COLLECTED MATERIAL.
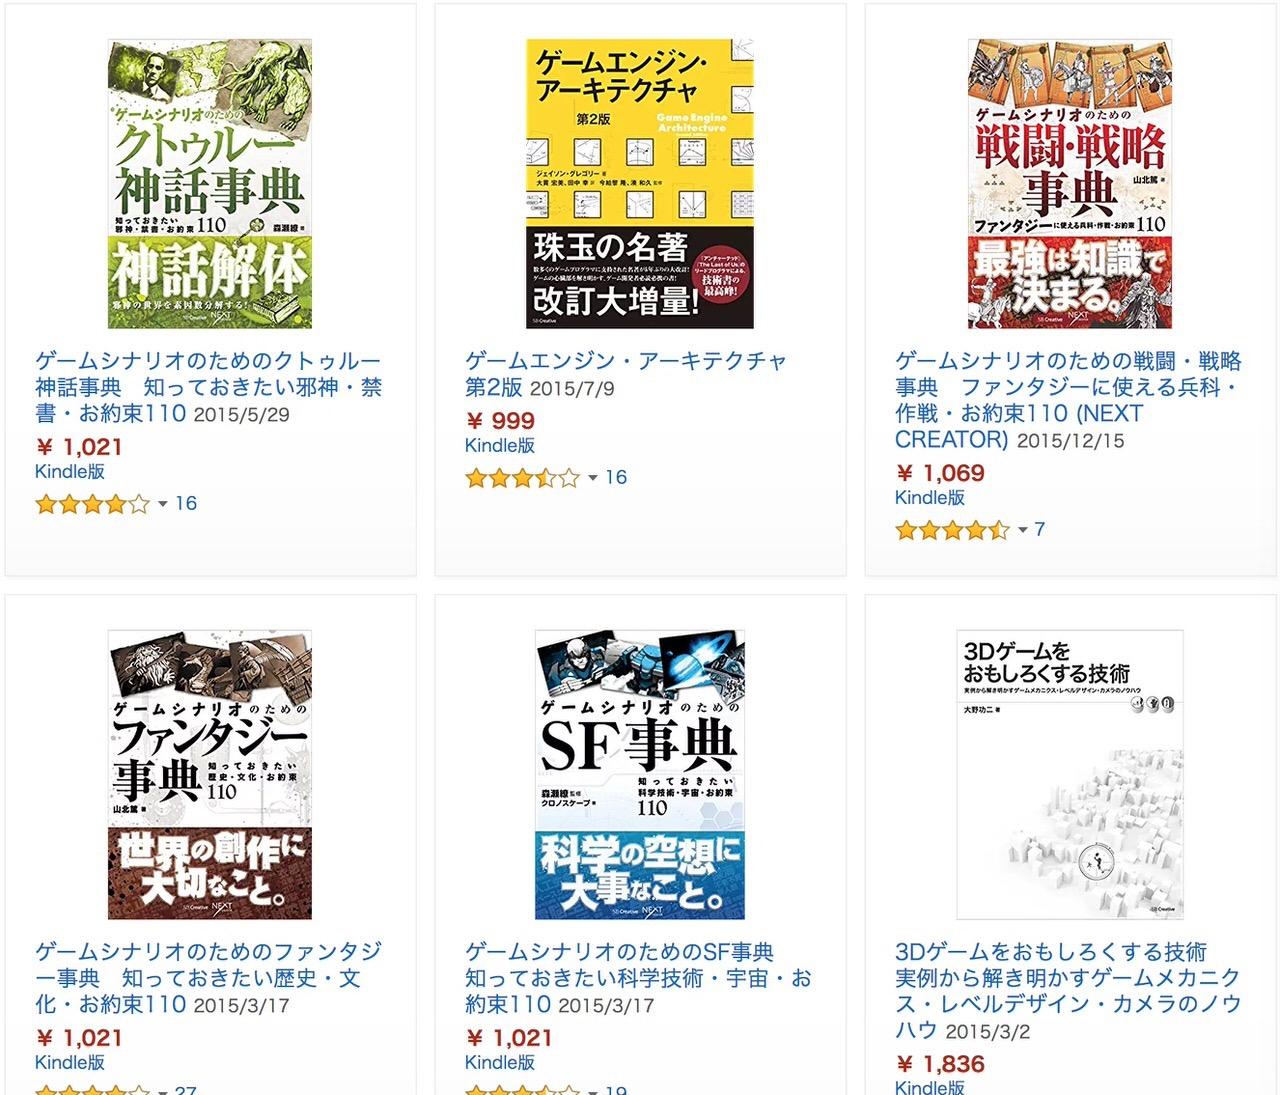 【Kindleセール】50%OFF以上「夏のゲーム開発本フェア」開催中(9/6まで)
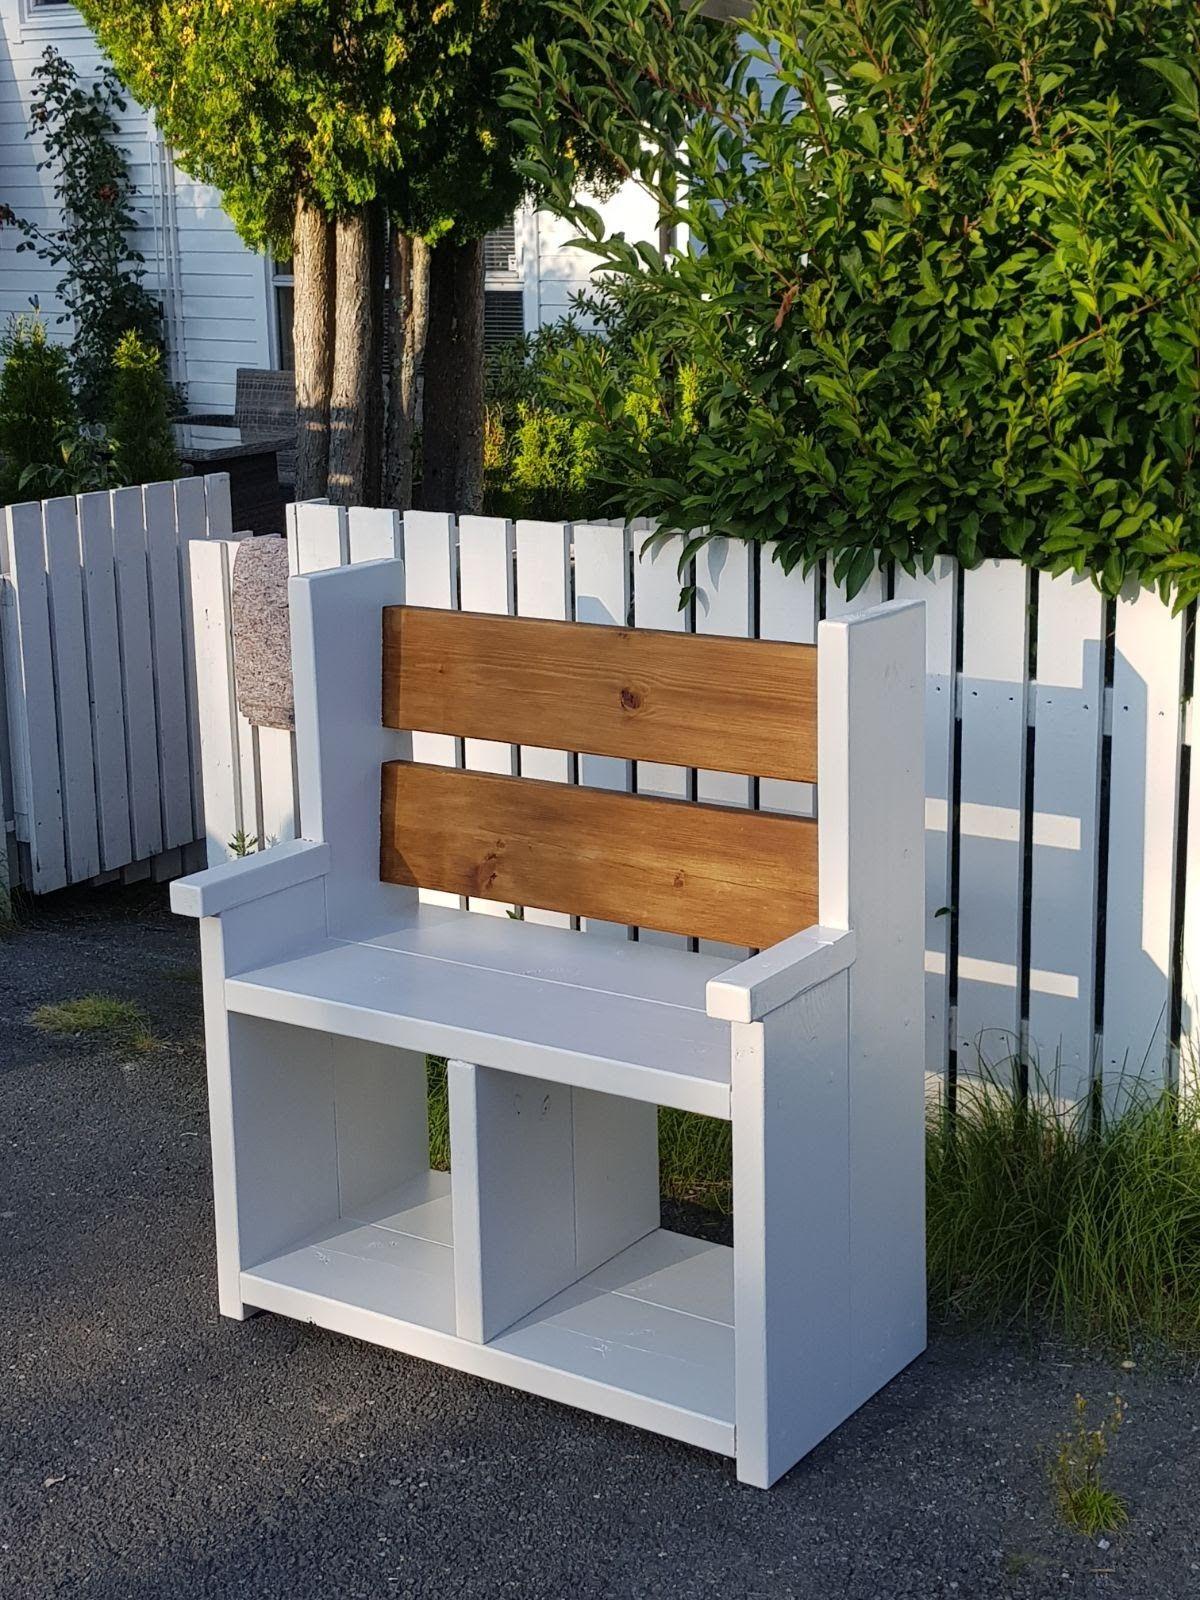 Hand made bench - Oslo  - Hand made bench - Oslo
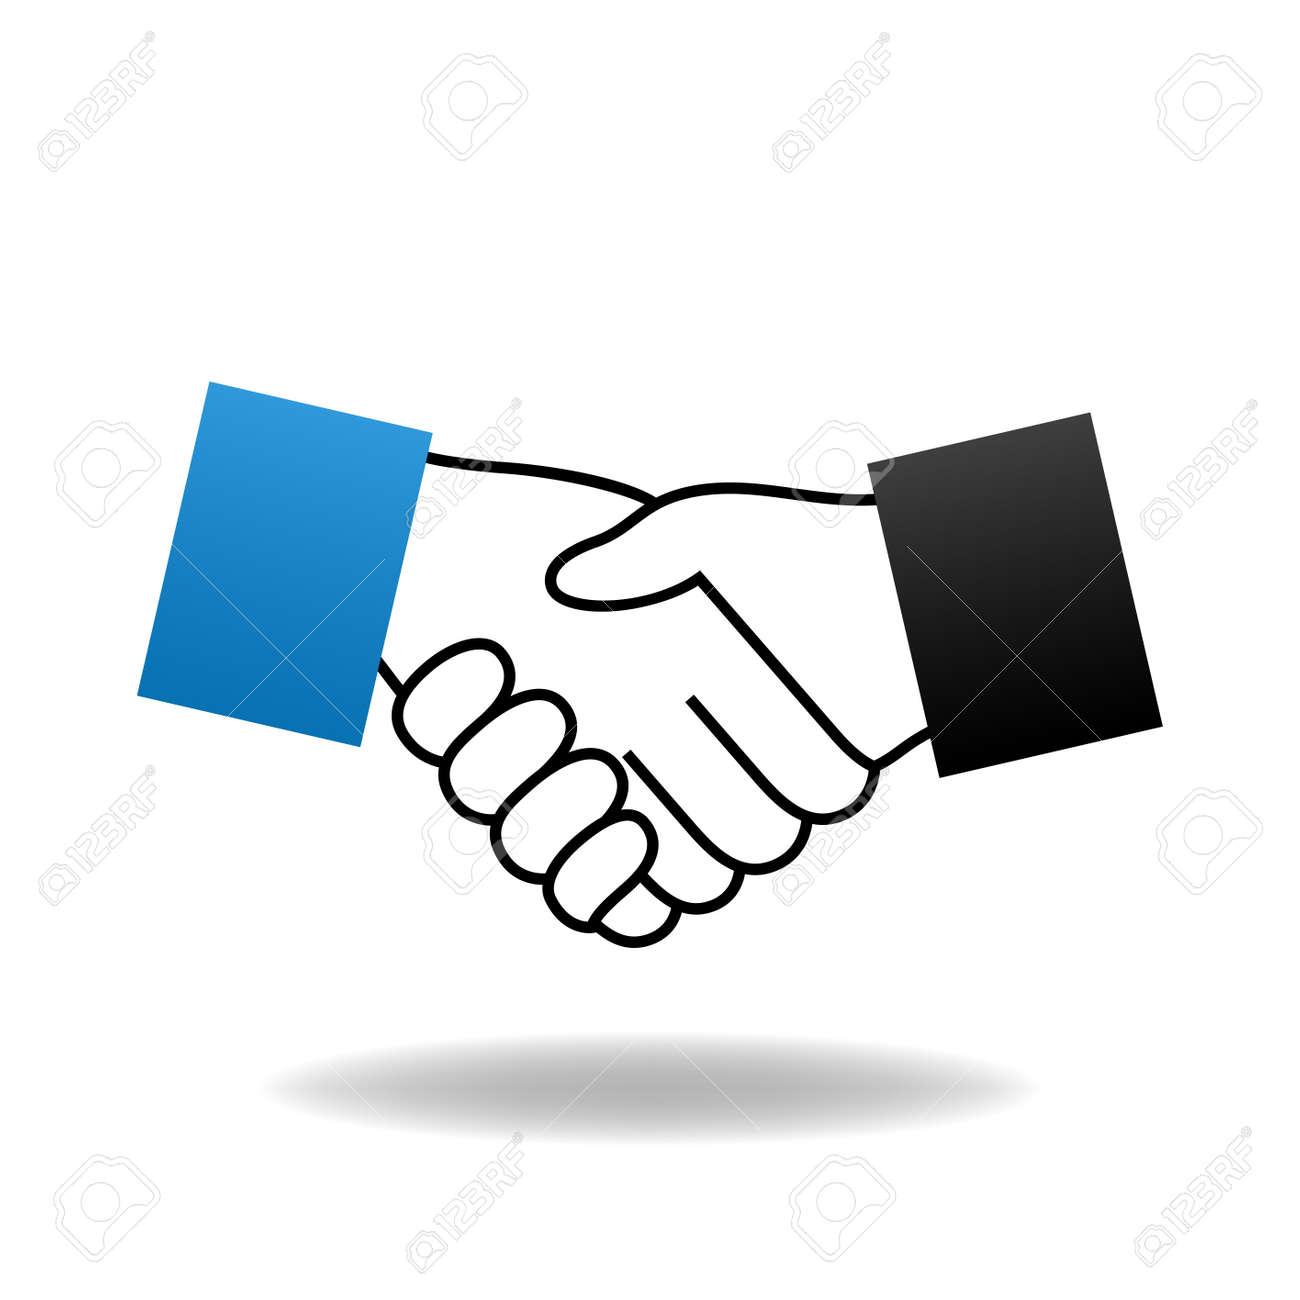 vector handshake icon royalty free cliparts vectors and stock rh 123rf com handshake vector icon free download handshaking vector
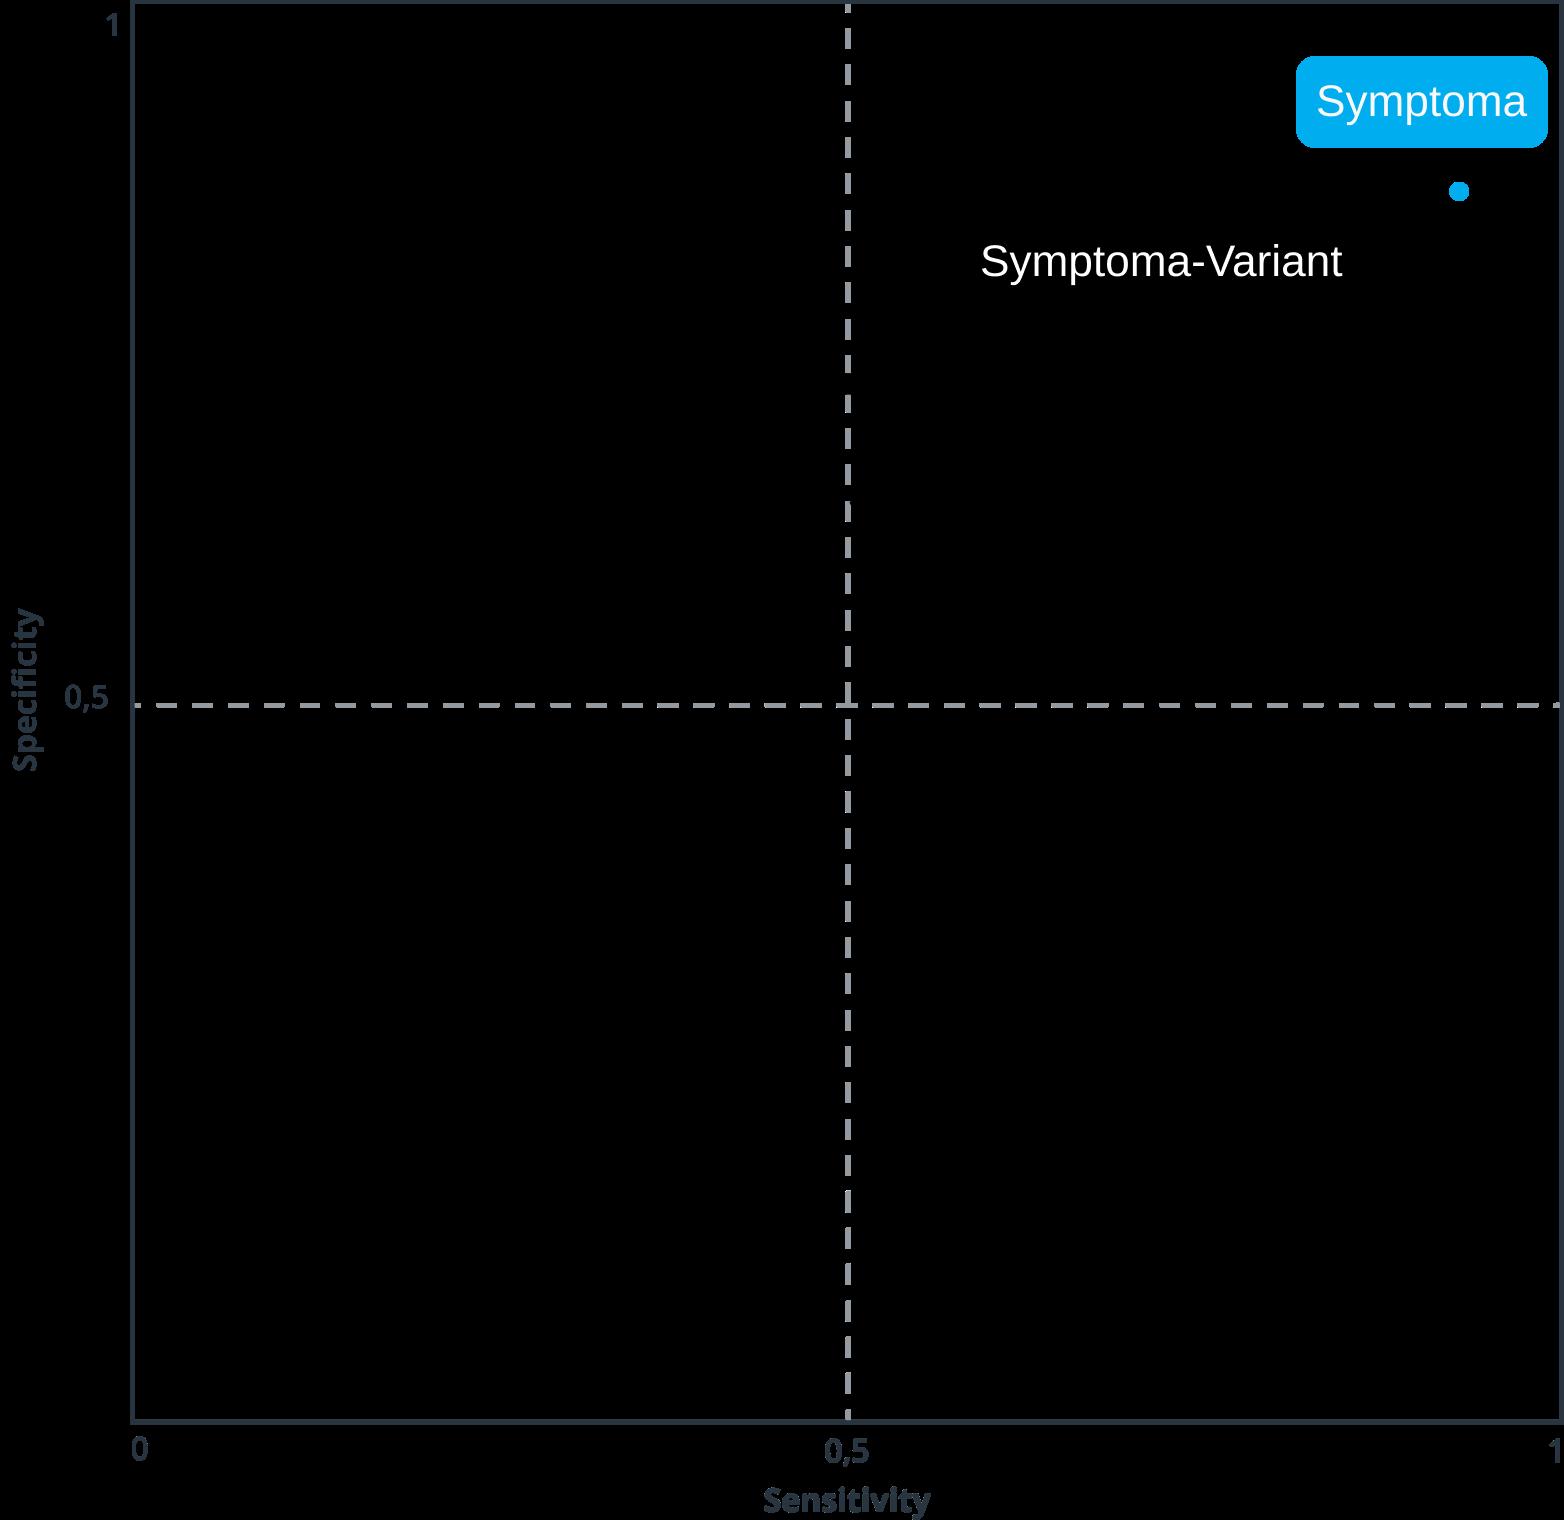 Symptoma performance

WHAT YOU ARE ASKED TO DO. Could you set down word for word each line from the one holding "- Hand made bench - Oslo" through the end of the material above, without any pictures?

RESULT OF THIS TASK.
 Hand made bench - Oslo  - Hand made bench - Oslo
 vector handshake icon royalty free cliparts vectors and stock rh 123rf com handshake vector icon free download handshaking vector
 Symptoma performance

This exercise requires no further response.